Please forgive my ignorance as I am really new to the area. I am trying to get the correct output shape from my neural network which has 3 Conv2D layers then 2 Dense layers. My input shape is (140, 140, 4), which are 4 grayscale images. When I fit in 1 input, I am expecting an output of (1, 4) but I am getting a shape of (14, 14, 4) here. What am I doing wrong here? Thank you very much for your help in advance!
meta_layers = [Conv2D, Conv2D, Conv2D, Dense, Dense]
meta_inits = ['lecun_uniform'] * 5
meta_nodes = [32, 64, 64, 512, 4]
meta_filter = [(8,8), (4,4), (3,3), None, None]
meta_strides = [(4,4), (2,2), (1,1), None, None]
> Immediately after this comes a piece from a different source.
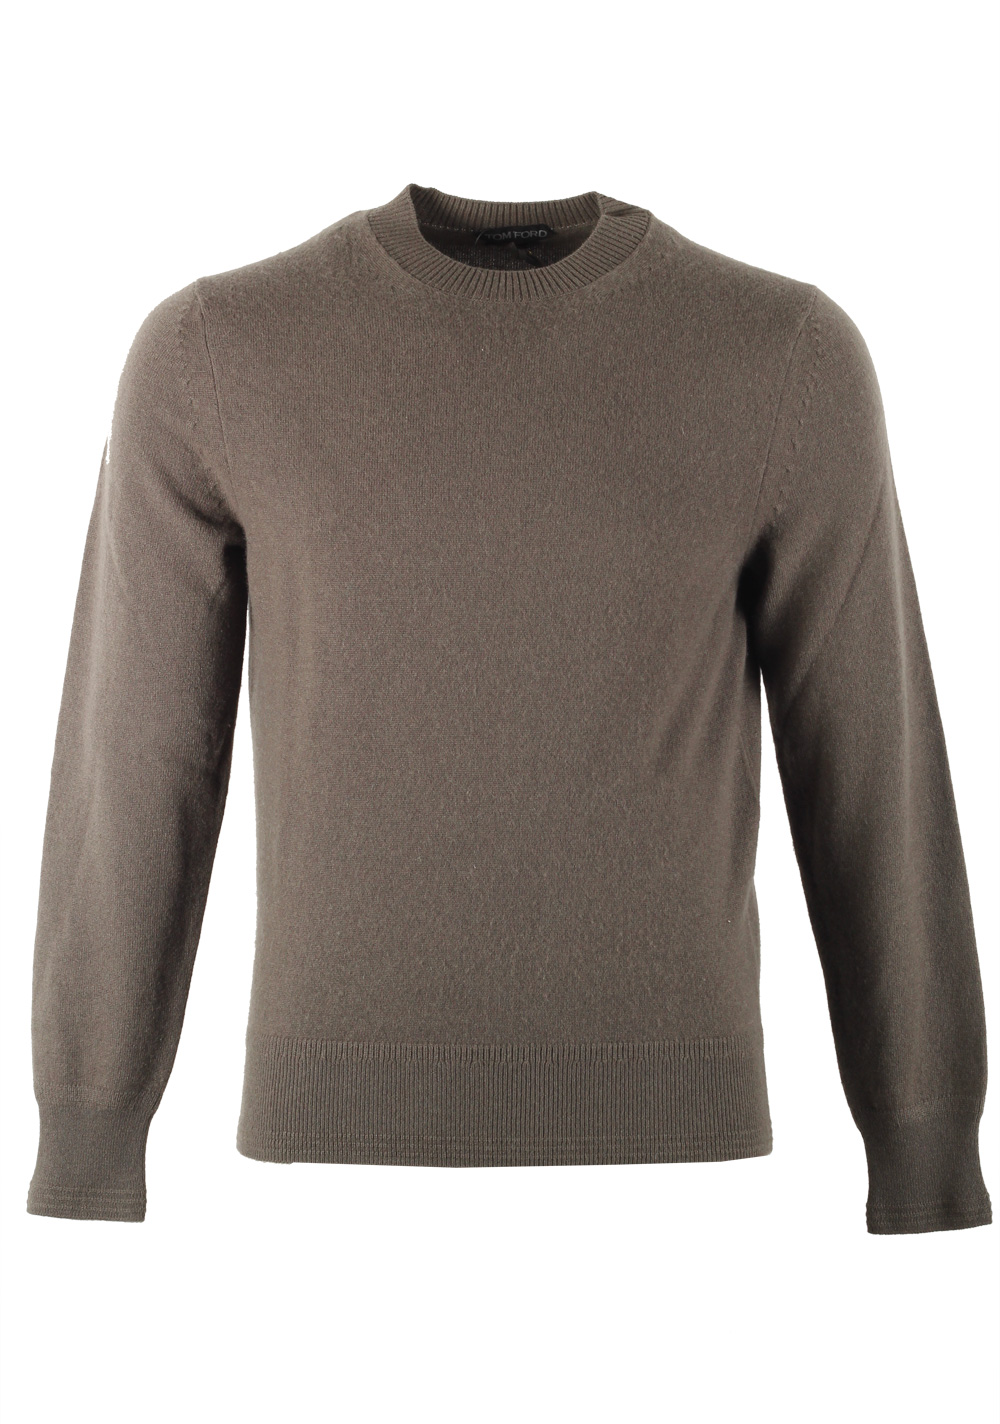 TOM FORD Brownish Green Crew Neck Sweater Size 48 / 38R U.S. In Cashmere | Costume Limité

meta_activations = ['relu'] * 5
meta_loss = "mean_squared_error"
meta_optimizer=RMSprop(lr=0.00025, rho=0.9, epsilon=1e-06)
meta_n_samples = 1000
meta_epsilon = 1.0;
meta = Sequential()
meta.add(self.meta_layers[0](self.meta_nodes[0], init=self.meta_inits[0], input_shape=(140, 140, 4), kernel_size=self.meta_filters[0], strides=self.meta_strides[0]))
meta.add(Activation(self.meta_activations[0]))
for layer, init, node, activation, kernel, stride in list(zip(self.meta_layers, self.meta_inits, self.meta_nodes, self.meta_activations, self.meta_filters, self.meta_strides))[1:]:
if(layer == Conv2D):
meta.add(layer(node, init = init, kernel_size = kernel, strides = stride))
meta.add(Activation(activation))
elif(layer == Dense):
meta.add(layer(node, init=init))
meta.add(Activation(activation))
print("meta node: " + str(node))
meta.compile(loss=self.meta_loss, optimizer=self.meta_optimizer)
Your problem lies in the fact that in Keras with version >= 2.0, a Dense
layer is applied to the last channel of the inputs (you may read about it here). So if you apply:
Dense(512)
to a Conv2D
layer with shape (14, 14, 64)
you'll get the output with shape (14, 14, 512)
and then Dense(4)
applied to it will give you output with shape (14, 14, 4)
. You can call model.summary()
method to confirm my words.
In order to solve this you need to apply one of the following layers: GlobalMaxPooling2D
, GlobalAveragePooling2D
or Flatten
to the output from the last convolutional layer in order to squash your output to be only 2 dimensional (with shape (batch_size, features)
.